Data below —
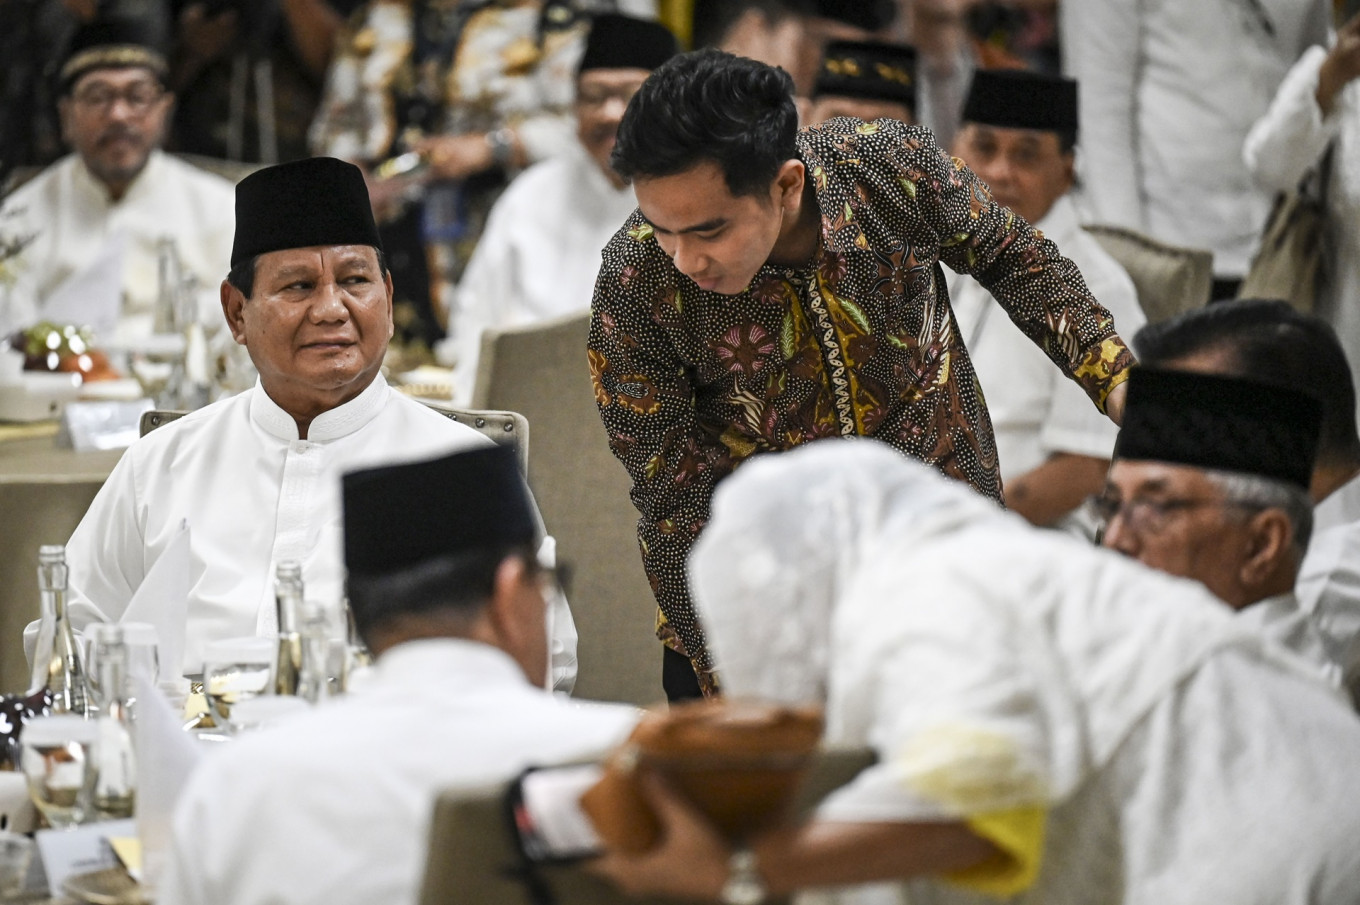 Prabowo shores up support for incoming government via Idul Fitri ‘safari’
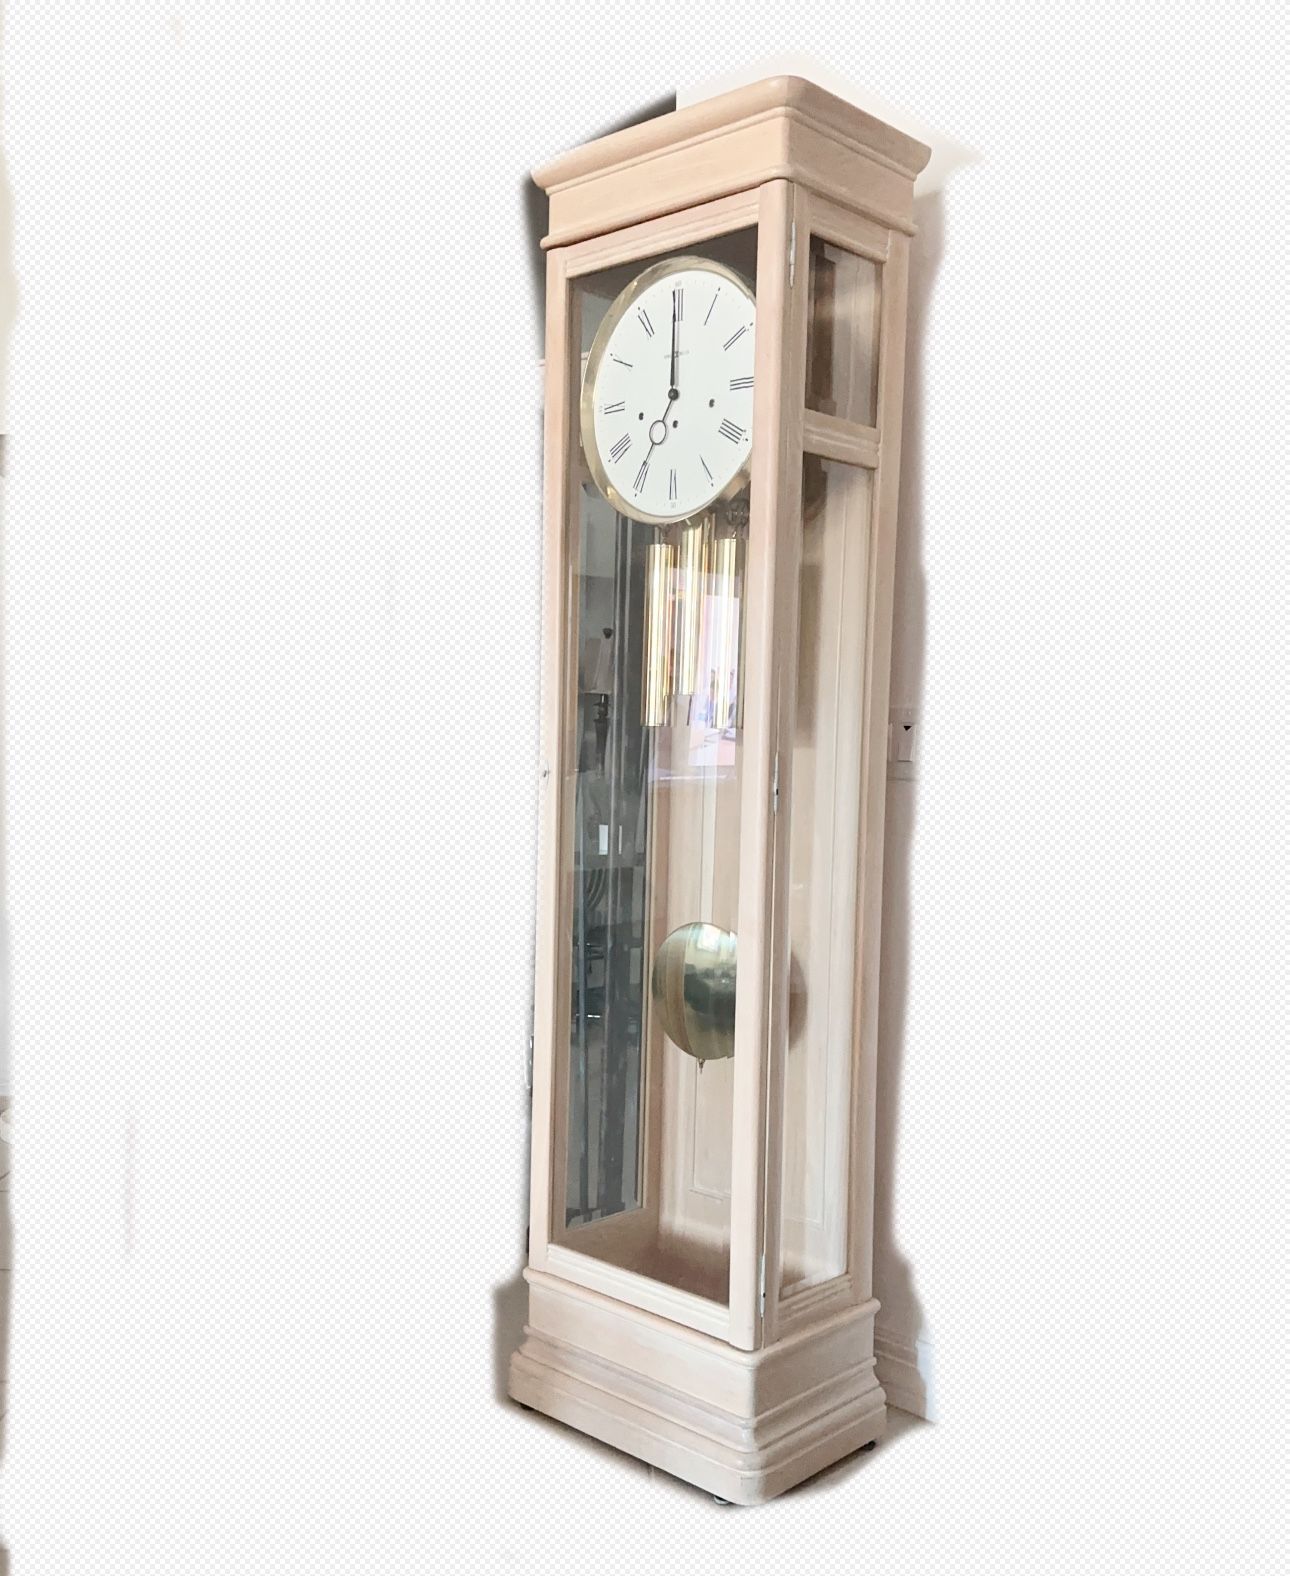 Grandfather Clock - $100
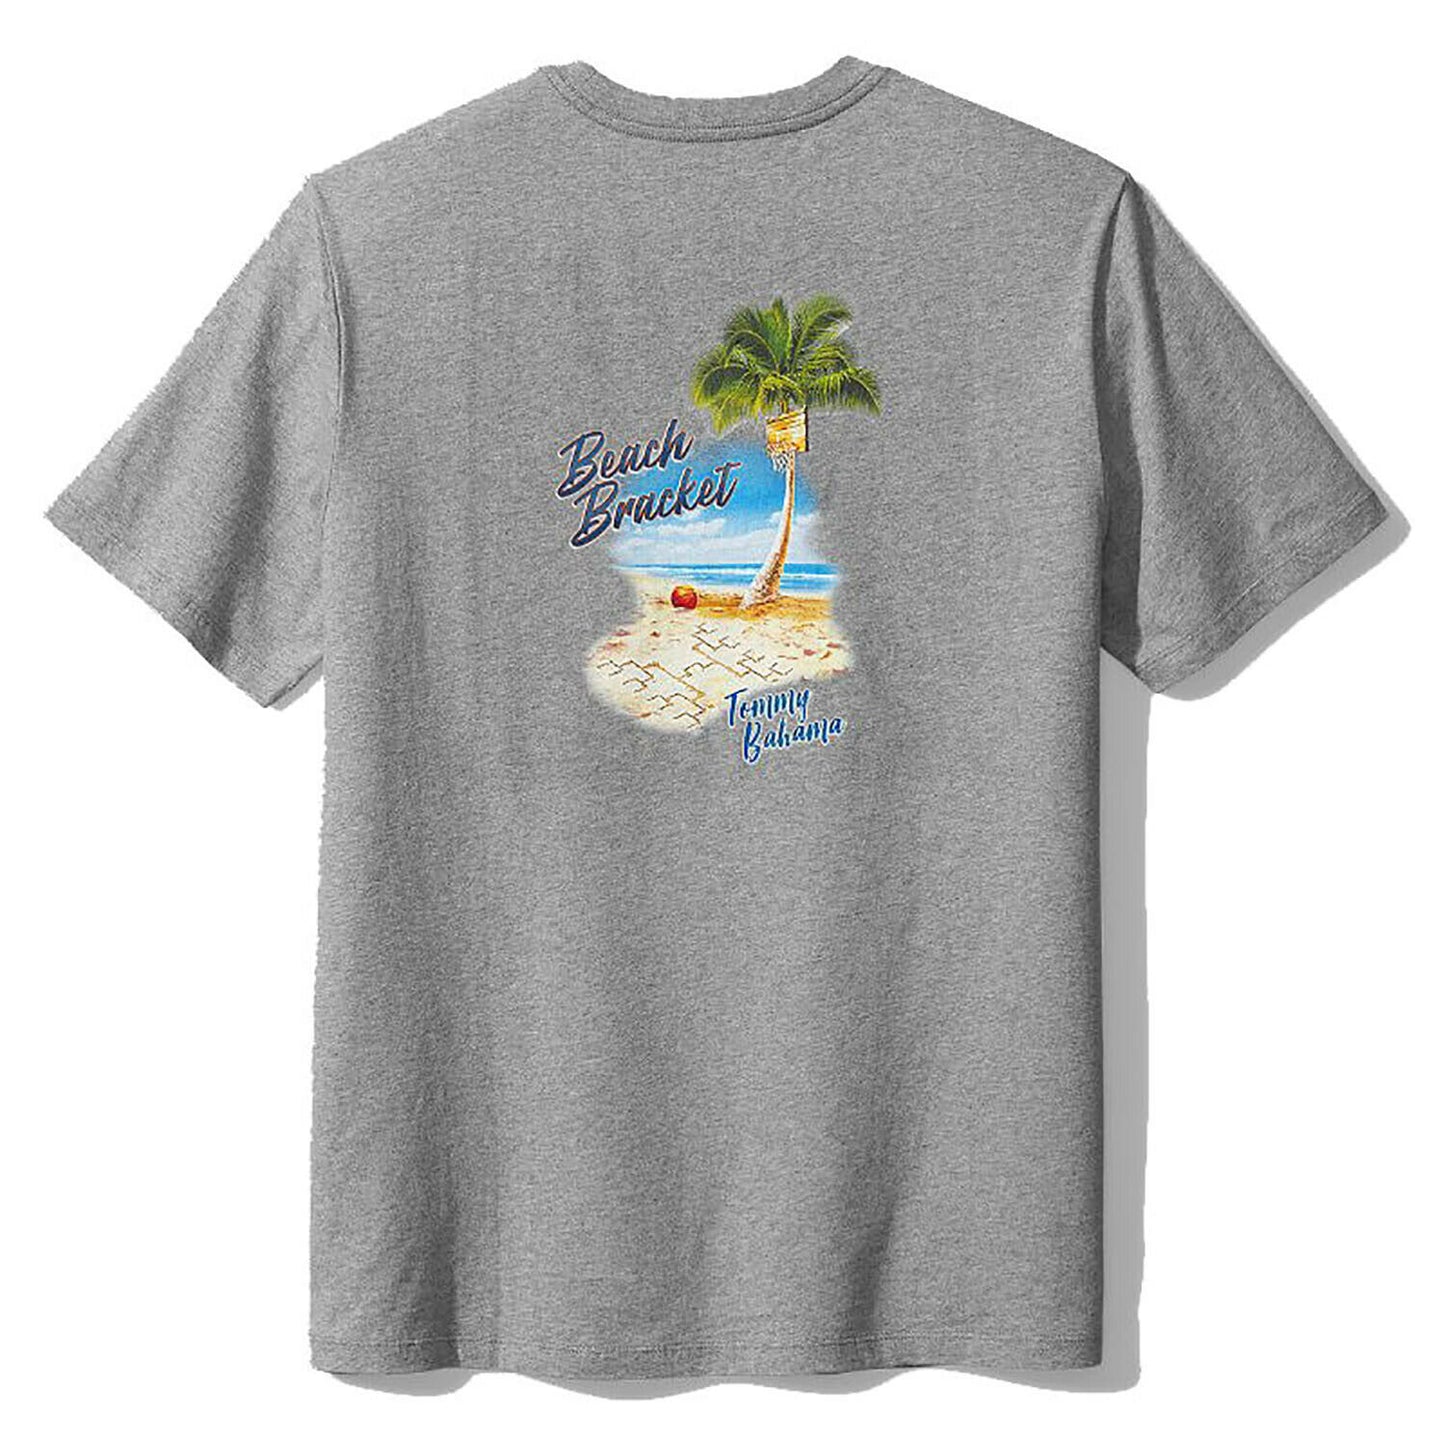 TOMMY BAHAMA Beach Bracket Men's T-Shirt - Grey - S M L XL 2XL – MB T-SHIRTS

Task brief —
Repeat the listing word for word, omitting the pictures.

Exercise result —
 Prabowo shores up support for incoming government via Idul Fitri ‘safari’
 Grandfather Clock - $100
 TOMMY BAHAMA Beach Bracket Men's T-Shirt - Grey - S M L XL 2XL – MB T-SHIRTS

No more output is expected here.